Задним числом я замечаю, что мы так и не поднялись с земли, поэтому прежде, чем отпустить ее руку, я помогаю ей подняться. Затем неохотно убираю руку, наклоняюсь за учебником, валяющимся у моих ног, и протягиваю его ей.
– Журналистика, значит?
– Ага, – отвечает она. – Это моя специальность.
– О‐о‐о, гораздо интереснее, чем моя. – Я с небольшим отвращением произношу: – Политология.
Она смотрит мне прямо в глаза.
– Зачем ты изучаешь то, что тебе даже не интересно?
Черт! Я знаком с этой девушкой целых две секунды, а ей уже удалось в буквальном смысле поставить меня на колени и заставить сомневаться в своем будущем.
– Бэйлор! Ты в порядке? – кричит кто-то у меня за спиной.
Мне даже не надо оборачиваться, чтобы понять, что я возненавижу человека, которому принадлежит этот голос, кем бы он ни был. По его тону слышно, что Бэйлор ему небезразлична.
– Я в порядке, Крис, – говорит она, стряхивая гравий, прилипший к одежде.
Парень подходит к ней и властной рукой обнимает ее за плечи. Чертов… парень.
– Крис, это Гэвин, – говорит она. – Он помог мне собрать вещи.
– Ну, очень на это надеюсь, – произносит он. – Это ведь он виноват в том, что ты упала. Я все видел вон оттуда.
Он смотрит на меня, и его совершенно не смущает, что я как минимум на десять сантиметров выше и на десять килограммов тяжелее, чем он.
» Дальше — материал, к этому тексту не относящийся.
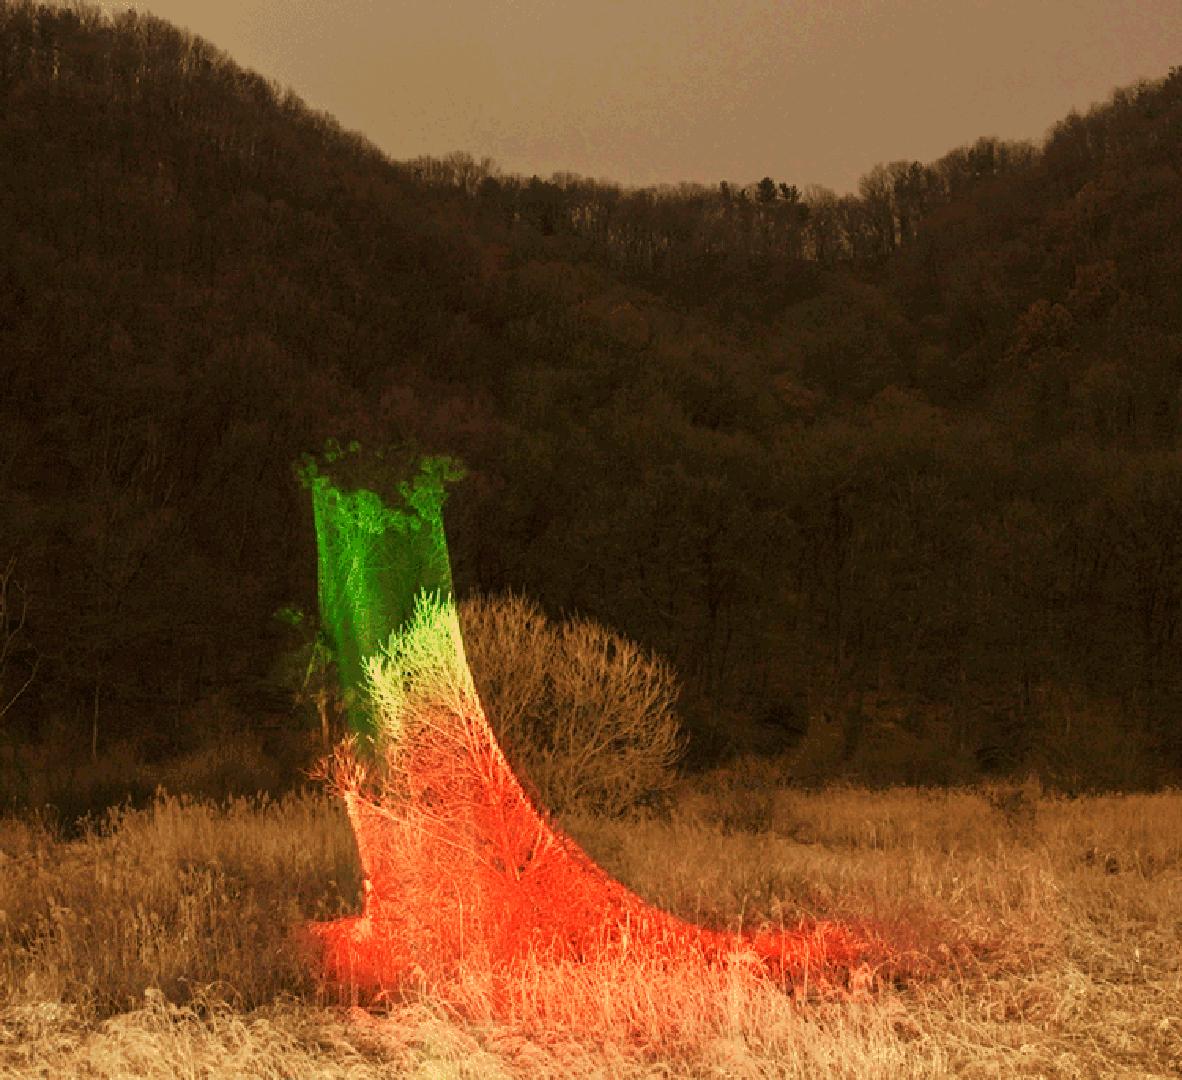 ©, Ji Hojang, Invisible Spot
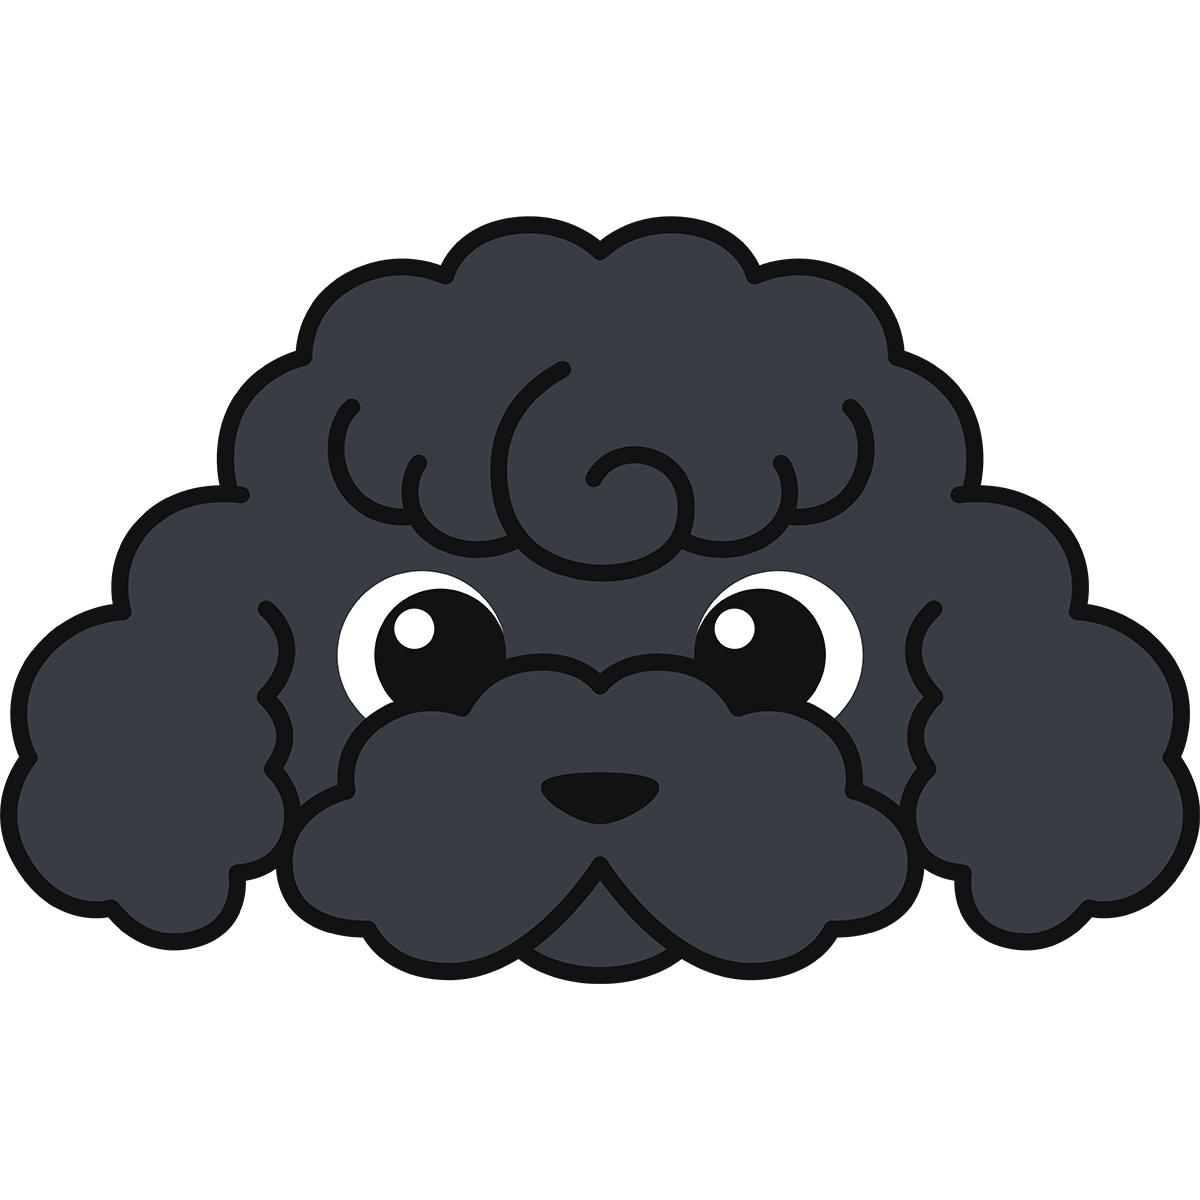 トイプードルの顔(黒)の無料イラスト

– Здесь тебе не футбольное поле, знаешь ли.
Я злобно смотрю на него. Но я его понимаю. Он не самого крупного телосложения, а тут перед ним стою я – выше и накачаннее. Очевидно, он знает, что я вхожу в футбольную команду. И я прикасался к его девушке. Он метит свою территорию. Я бы делал то же самое.
Подождите… делал бы?
Мне всегда было наплевать на девушек, с которыми я встречался – точнее, которых клеил. Так почему эта девушка, у которой к тому же есть парень, заставляет меня думать о том, как бы сделать ее своей?
– Да, извини.
Я пытаюсь прогнать эти мысли.
– Я не смотрел, куда иду.
– Бэйлор, нам надо идти, а то опоздаем, – говорит Крис и уводит ее, совершенно проигнорировав то, что она нас друг другу представила.
Бэйлор не прощается. Но когда они уходят, она полуоборачивается и бросает мне милейший взгляд. Извинение за грубость ее парня? Подтверждение, что она тоже ощутила электричество от нашего прикосновения? Я наблюдаю за ними, пока пара не скрывается из виду, потом облокачиваюсь на жесткое кирпичное здание за моей спиной и размышляю, что вообще только что произошло.
Я смотрю на землю и замечаю какой-то предмет, блестящий на солнце. Подхожу к кустам и поднимаю его. Брелок для ключей. Наверное, Бэйлор его уронила. Брелок серебристого цвета, на нем выгравирована зебра. Я переворачиваю его и читаю надпись.
Будь тем, кем больше никто не сможет быть… собой.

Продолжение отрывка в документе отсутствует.